> Required action:
Using the data below, transcribe exactly everything from the line that contains "Vase aus holzgebrannter" down to the line that contains "H: 15,7' x 7,5' x 6,7' Zoll.". Include both of those lines and none of the pictures.

> Information shown:

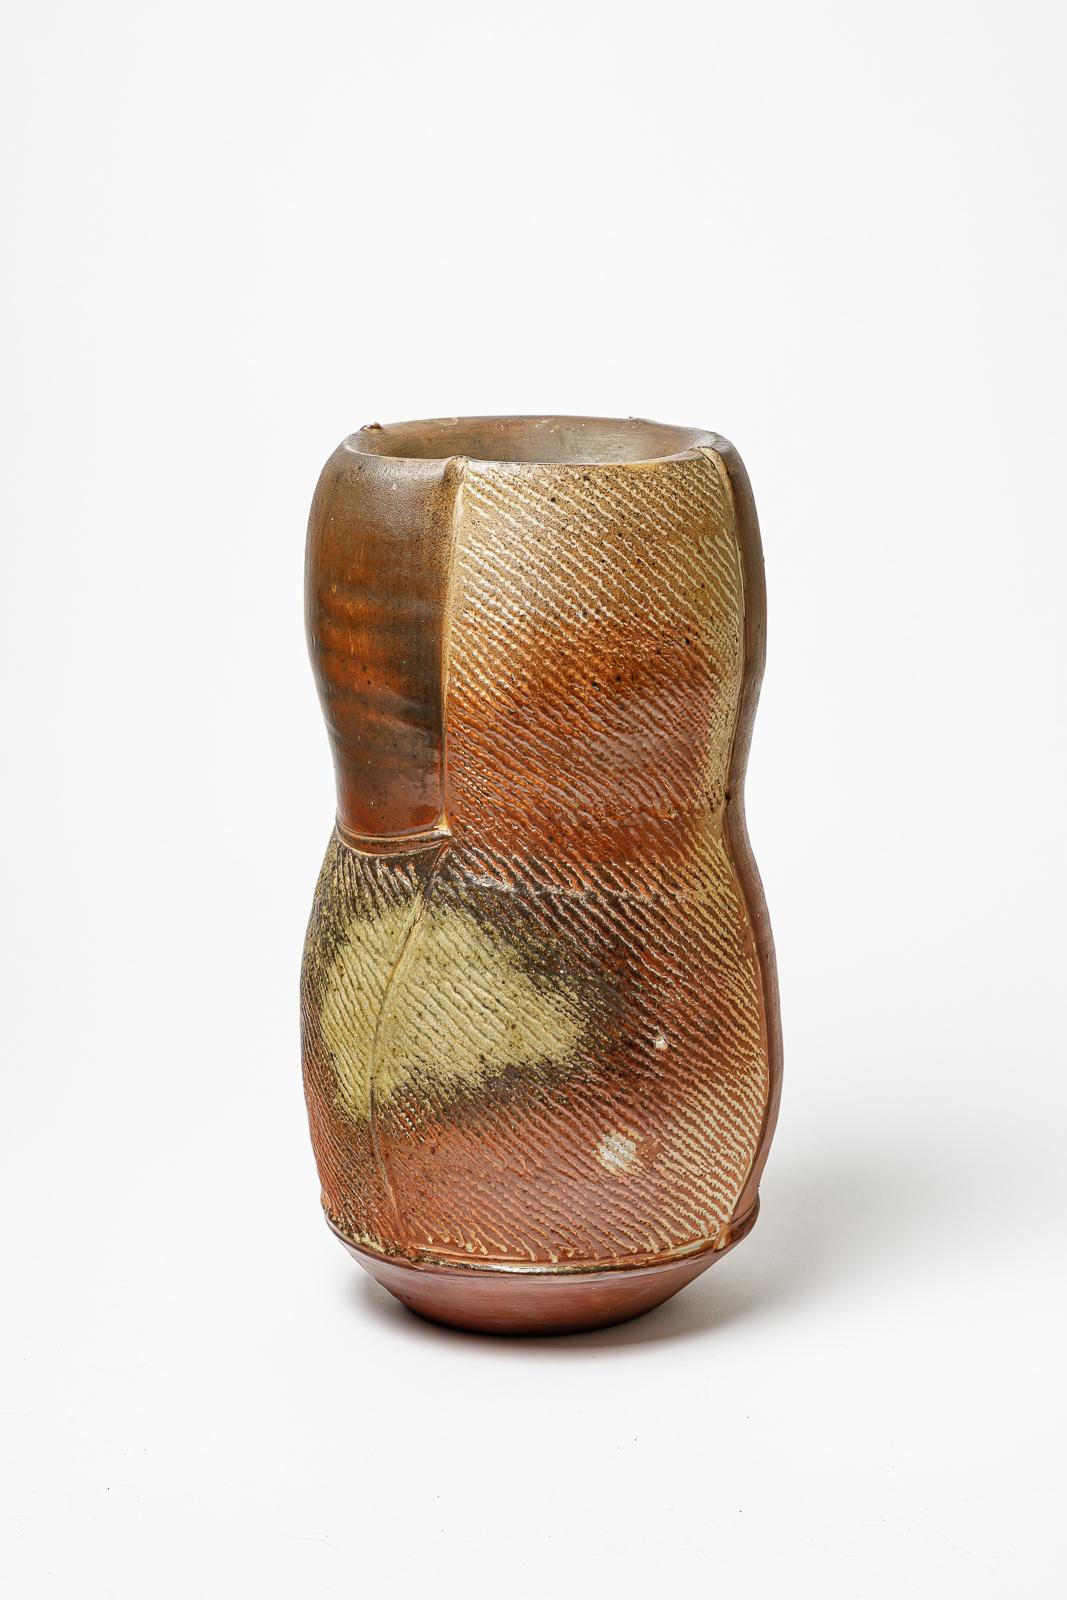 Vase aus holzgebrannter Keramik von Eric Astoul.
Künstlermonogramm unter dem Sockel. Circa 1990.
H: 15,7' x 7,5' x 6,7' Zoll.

---

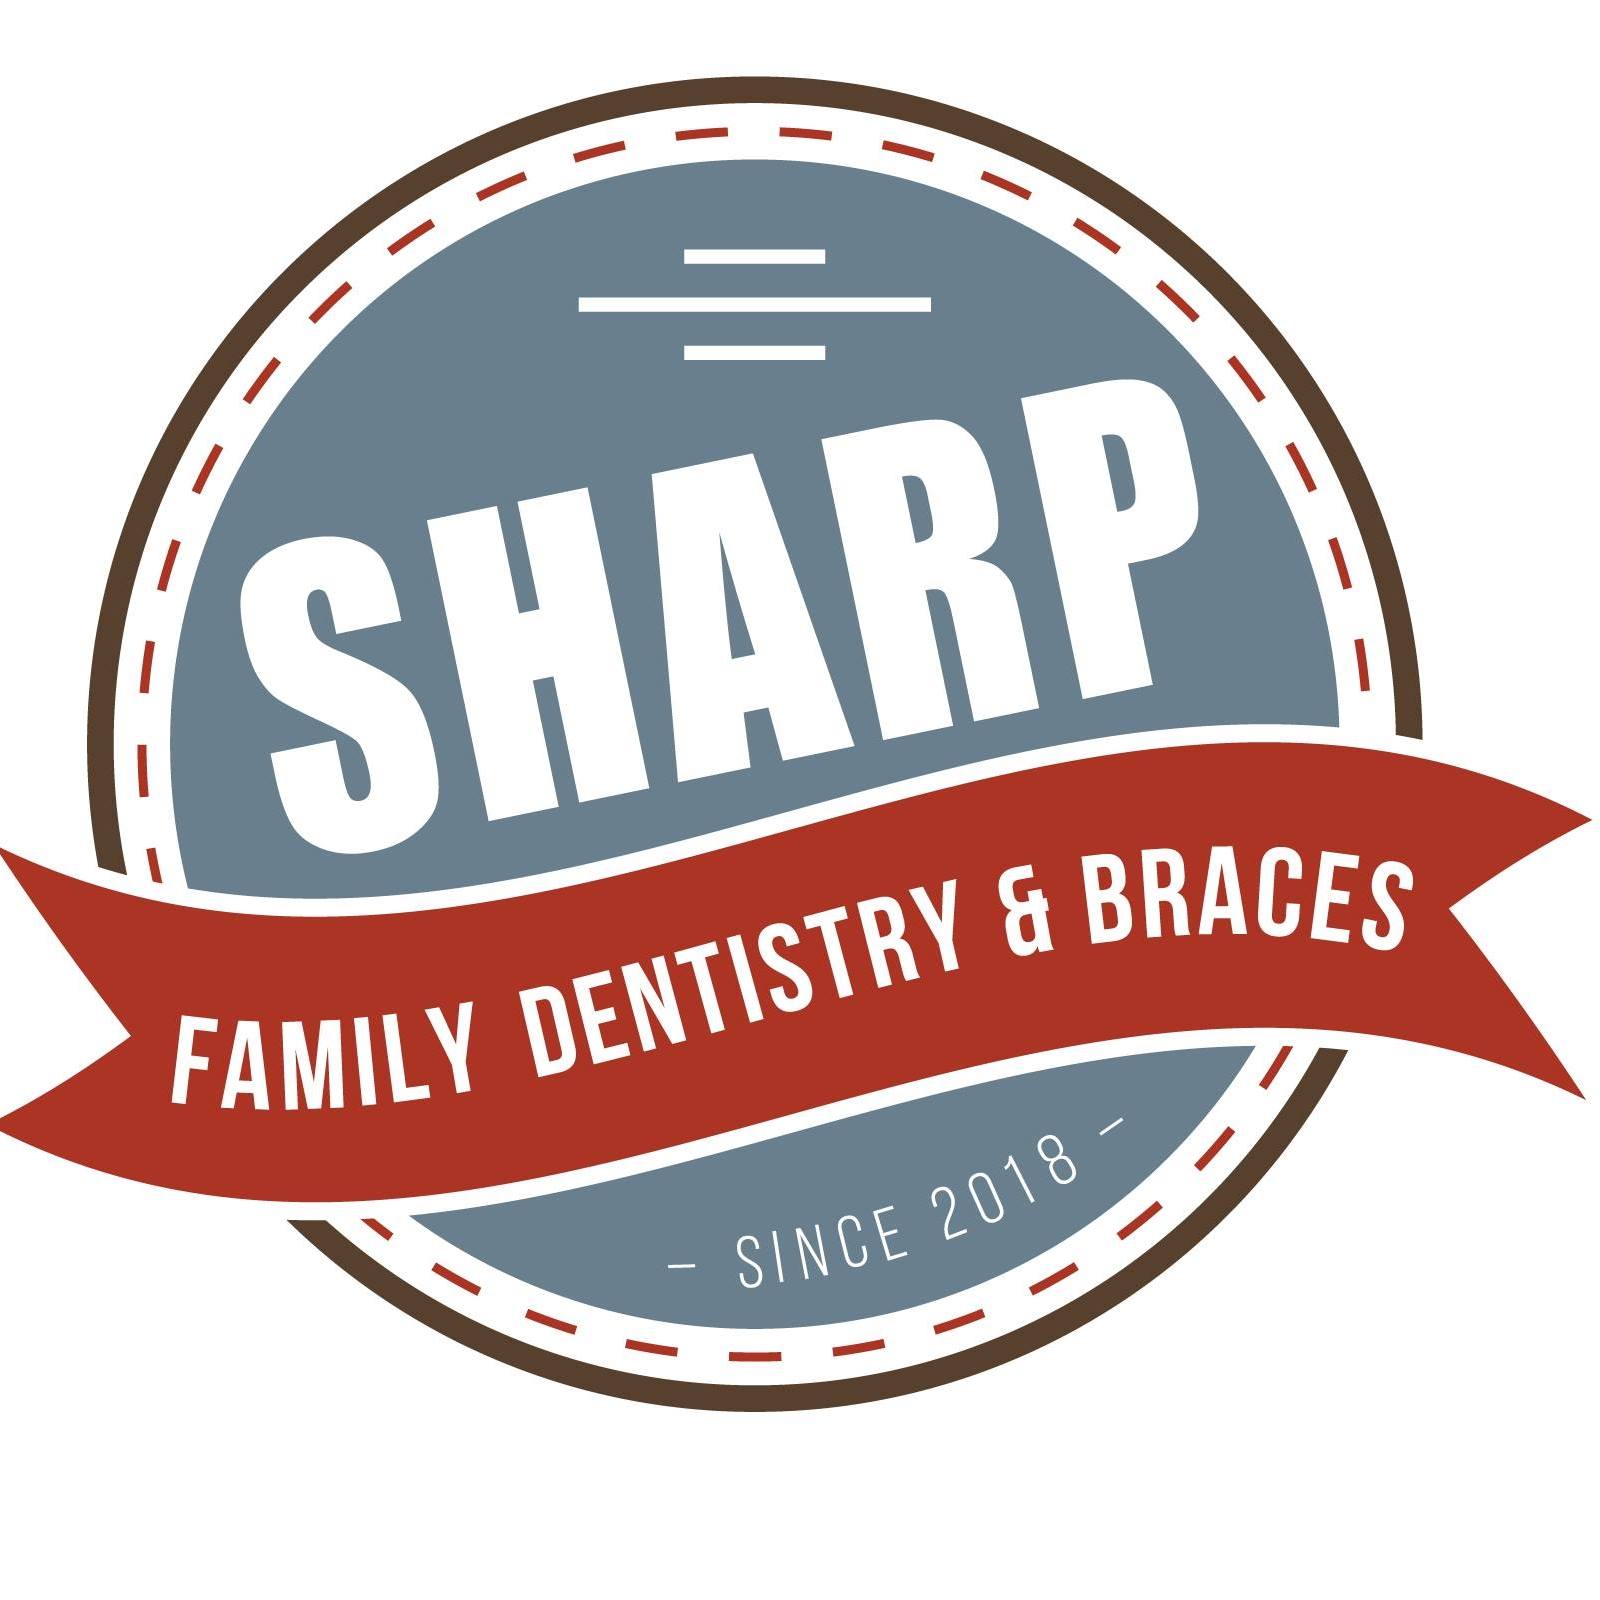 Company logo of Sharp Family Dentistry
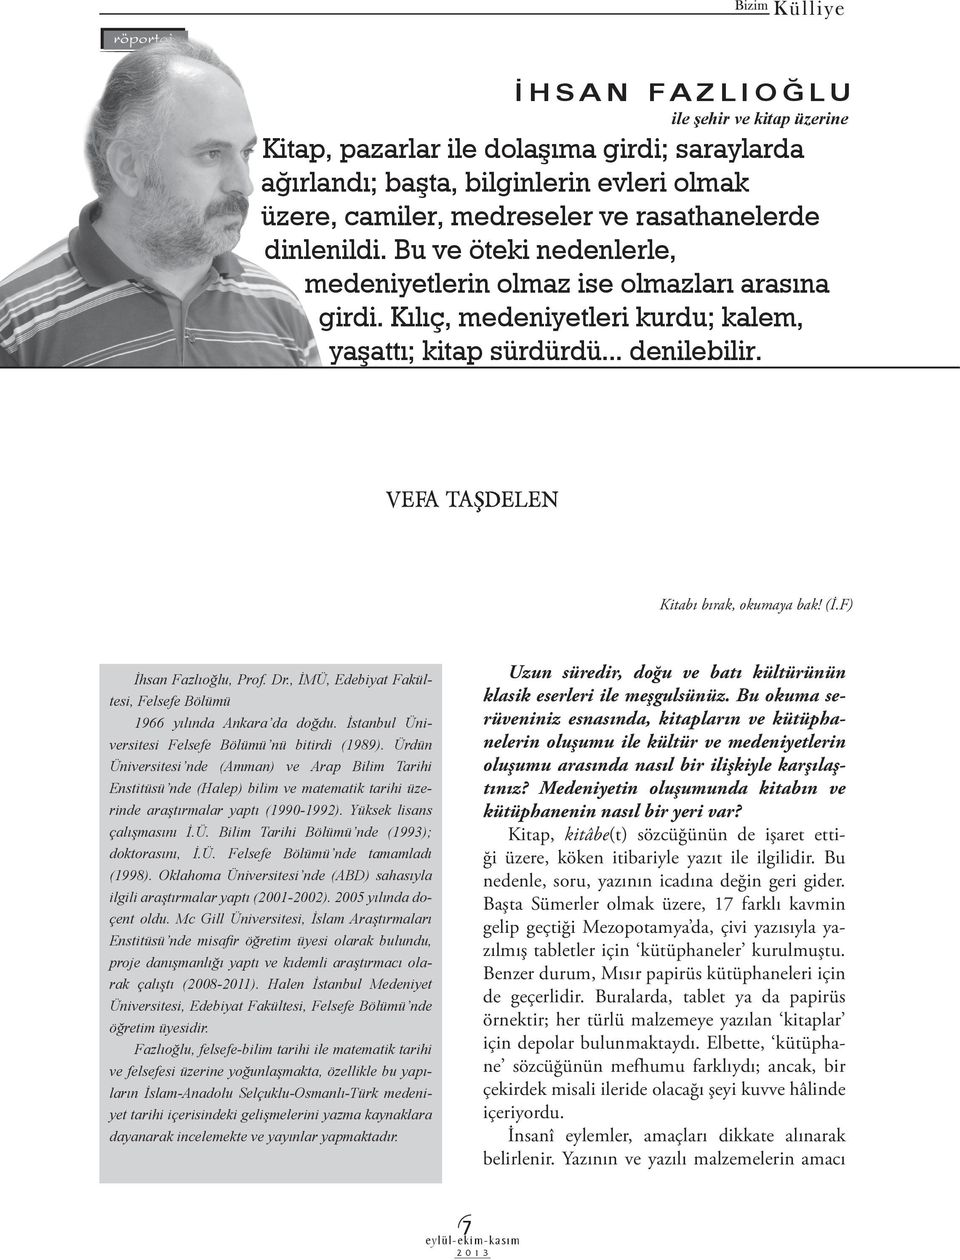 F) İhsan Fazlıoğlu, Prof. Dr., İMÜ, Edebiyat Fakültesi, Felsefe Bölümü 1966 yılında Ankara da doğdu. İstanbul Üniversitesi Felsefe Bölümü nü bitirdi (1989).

* * *

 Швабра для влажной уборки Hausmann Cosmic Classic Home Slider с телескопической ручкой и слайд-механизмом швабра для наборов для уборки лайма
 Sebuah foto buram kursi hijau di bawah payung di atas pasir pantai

> Problem solution:
 Vase aus holzgebrannter Keramik von Eric Astoul.
Künstlermonogramm unter dem Sockel. Circa 1990.
H: 15,7' x 7,5' x 6,7' Zoll.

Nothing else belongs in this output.